▶ [AIM OF THE EXERCISE] From the first line to the last, please reproduce the material exactly, skipping the pictures.

▶ [THE DATA]
◇ ◇ ◇

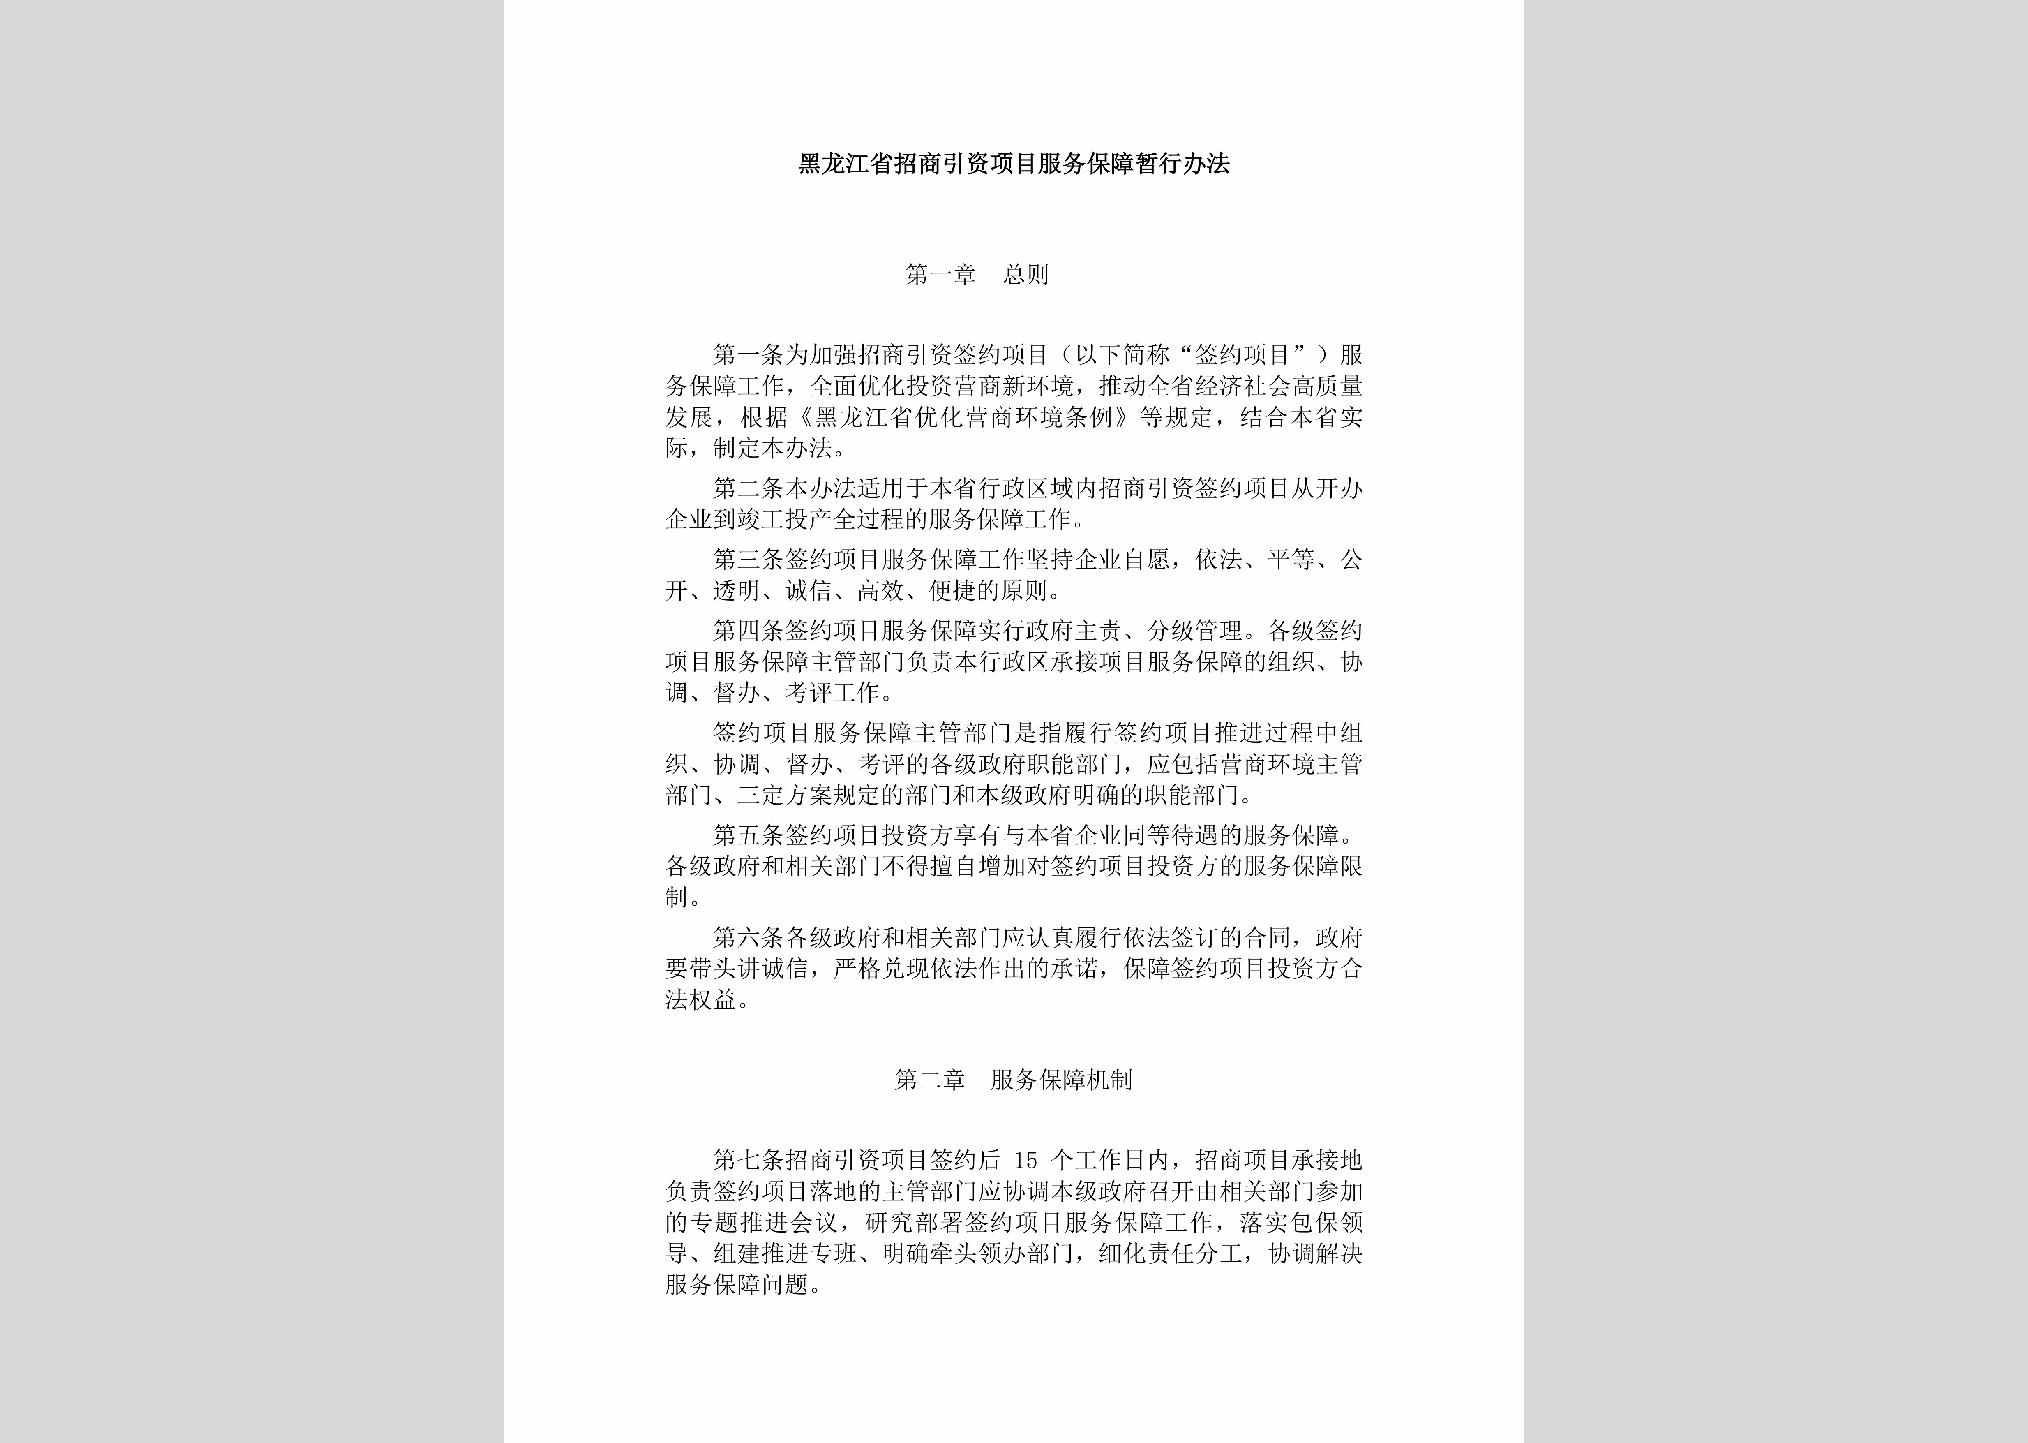 HLJ-ZSYZXMFW-2019：黑龙江省招商引资项目服务保障暂行办法
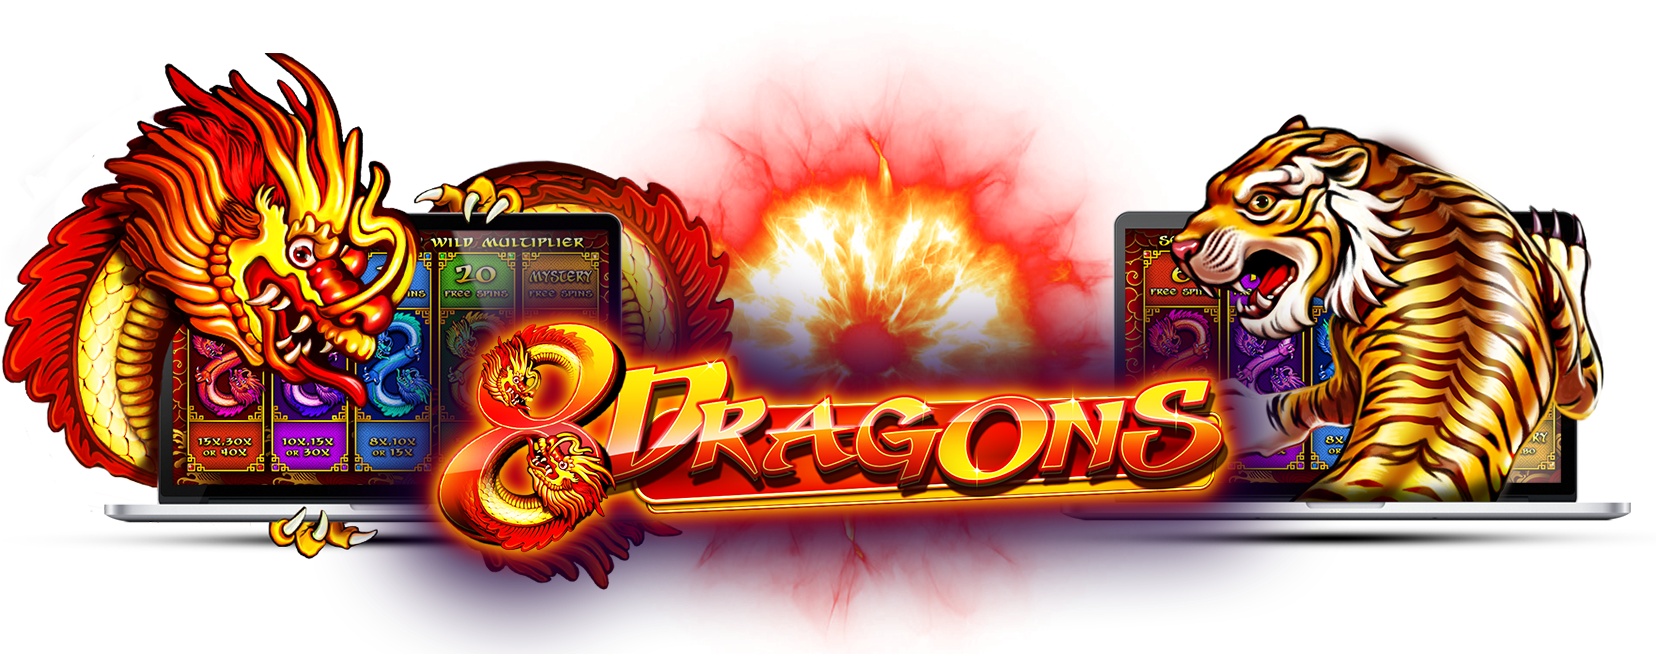 8 Dragons Slot Game Artwork PNG
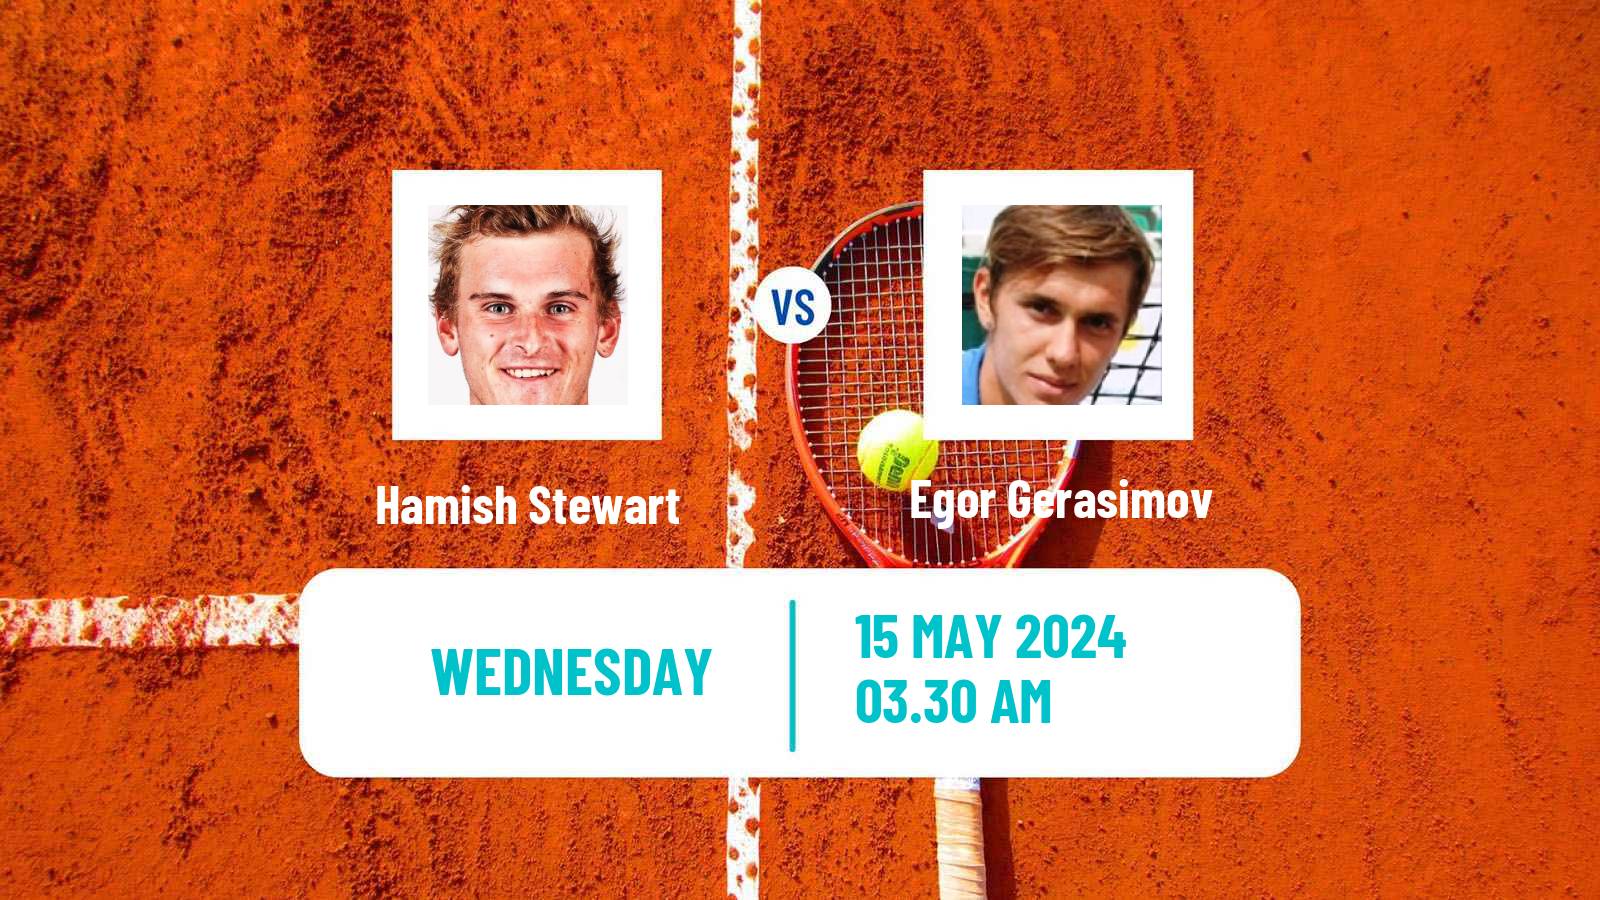 Tennis ITF M25 Kachreti Men Hamish Stewart - Egor Gerasimov
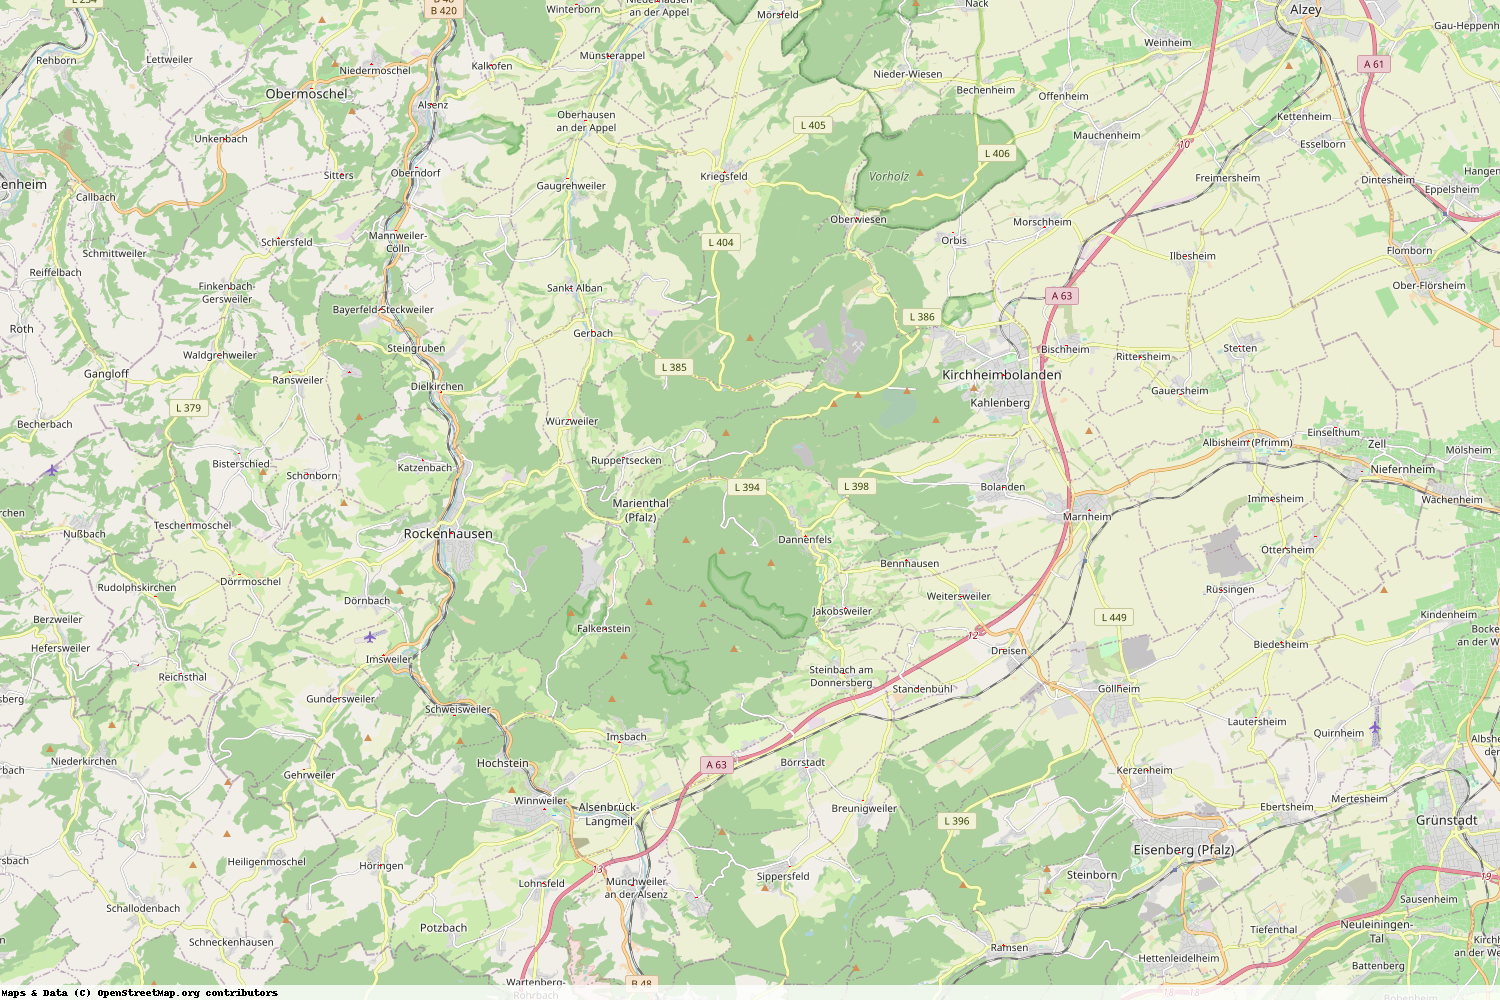 Ist gerade Stromausfall in Rheinland-Pfalz - Donnersbergkreis?

◇ ◇ ◇

▶ [TASK RESPONSE]
 HLJ-ZSYZXMFW-2019：黑龙江省招商引资项目服务保障暂行办法
 8 Dragons Slot Game Artwork PNG
 Tennis ITF M25 Kachreti Men Hamish Stewart - Egor Gerasimov
 Ist gerade Stromausfall in Rheinland-Pfalz - Donnersbergkreis?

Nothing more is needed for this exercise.